Gratified, Paula purred and put her hand on his knee. ‘You can have me if you ask nicely.’
‘You know I’m not in the habit of asking.’
It was at this point that I expected her to break into, ‘Then take me. Take me as I am.’ Oddly, she didn’t do that. Obviously her earlier rehearsal was not meant for Tony. Instead she said, ‘The police came by when I was there.’
‘Oh?’
‘They think it wasn’t an accident. They surmised that it was planned. They have the boy’s picture. Unclear, though.’
‘A boy? You can tell it was a boy?’
‘You can tell much more than that, I guess. If you know who to look for. Are you looking for a boy? Or for a girl?’ Ha! Here she was – back on form! You can’t teach an old dog new tricks. Paula was Paula. To my immense satisfaction it turned out Tony was looking for neither. He told her he had to go: just like that – out of the blue.
By the time he got to the club, Tony was drunk. I had watched him drink alone at home. He would raise a glass to his reflection in the mirror and each time salute himself with a cheery ‘Fuck you’. He wasn’t a graceful drinker. He was drinking vodka, neat. The bottle stood on the table next to an ashtray and a packet of cigarettes. I never knew Tony to be a smoker, but he was a seasoned one. The way he held a cigarette reminded me of juvenile delinquents – he held it between his forefinger and thumb, cupped in his hand, and he sucked on it in gulps as if he was afraid of being caught.

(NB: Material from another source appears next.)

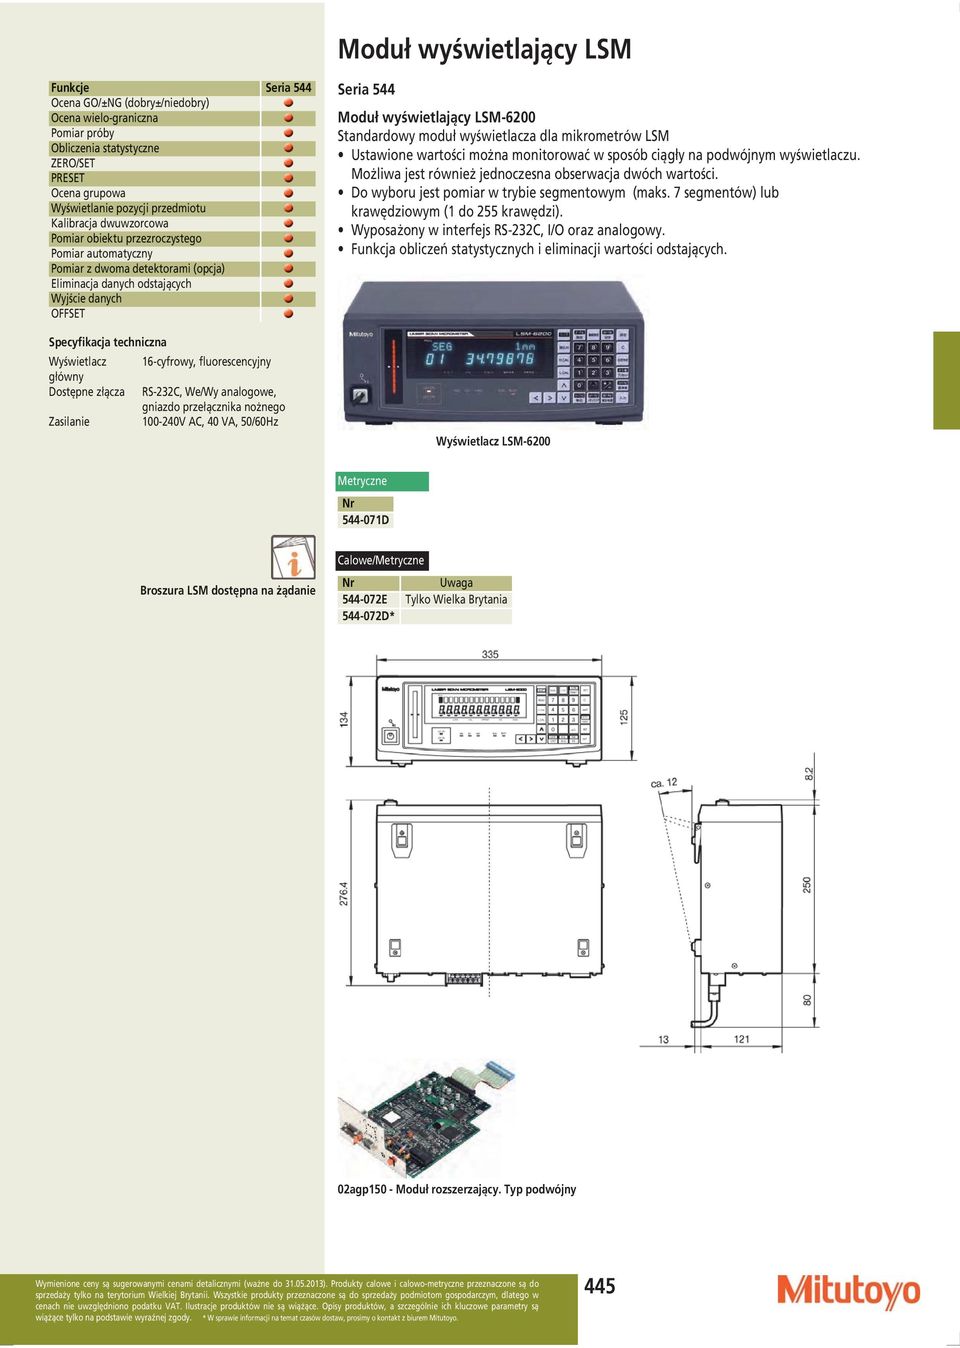 Dostępne złącza RS-232C, We/Wy analogowe, gniazdo przełącznika nożnego Zasilanie 100-240V AC, 40 VA, 50/60Hz Moduł wyświetlający LSM-6200 Standardowy moduł wyświetlacza dla mikrometrów LSM Ustawione

Despite our sordid affair I had never been to Tony’s house. We had both kept our respective family nests off bounds so they wouldn’t be soiled. Except that his wasn’t a family nest. It was something altogether different. It was large and pretentious. It had wood-panelled walls and an impressive library filled with leather-bound tomes and first editions. In his bedroom he had a four-poster bed with a carved headboard. In the hallway there was a display cabinet full of pistols and weapons tucked away lovingly upon dark green damask. The sitting room boasted an oil portrait of a rather attractive woman in a ball gown with a sixties hairdo, and another one of Tony. The entire house gave the distinct impression of being a gentleman’s residence. It was so overcooked that I was convinced Tony was taking the piss out of himself. And by the time I finished nosing about his home, he was pretty pissed too. He pulled off his tie and undid the top button of his immaculately white shirt. Thus dishevelled (by Tony’s standards), he went to the garage and jumped into a magnificent MGA convertible. His white shirt went beautifully with its black leather seats.

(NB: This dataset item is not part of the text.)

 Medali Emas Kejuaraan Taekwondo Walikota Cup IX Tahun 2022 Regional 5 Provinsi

Considering the amount of alcohol in his bloodstream, he drove better than most of us do sober. He parked two streets away from the club and covered the distance on foot. And there we were: in a seedy basement club oozing sex, depravity, and money. In other words: an urban gentlemen’s club.
Tony found a place by the bar and ordered a drink. For a while he watched a pole dancer, a well-endowed siren with an incredibly flexible spine. The music in the background was jazzy; the red lighting unashamedly brothel-esque.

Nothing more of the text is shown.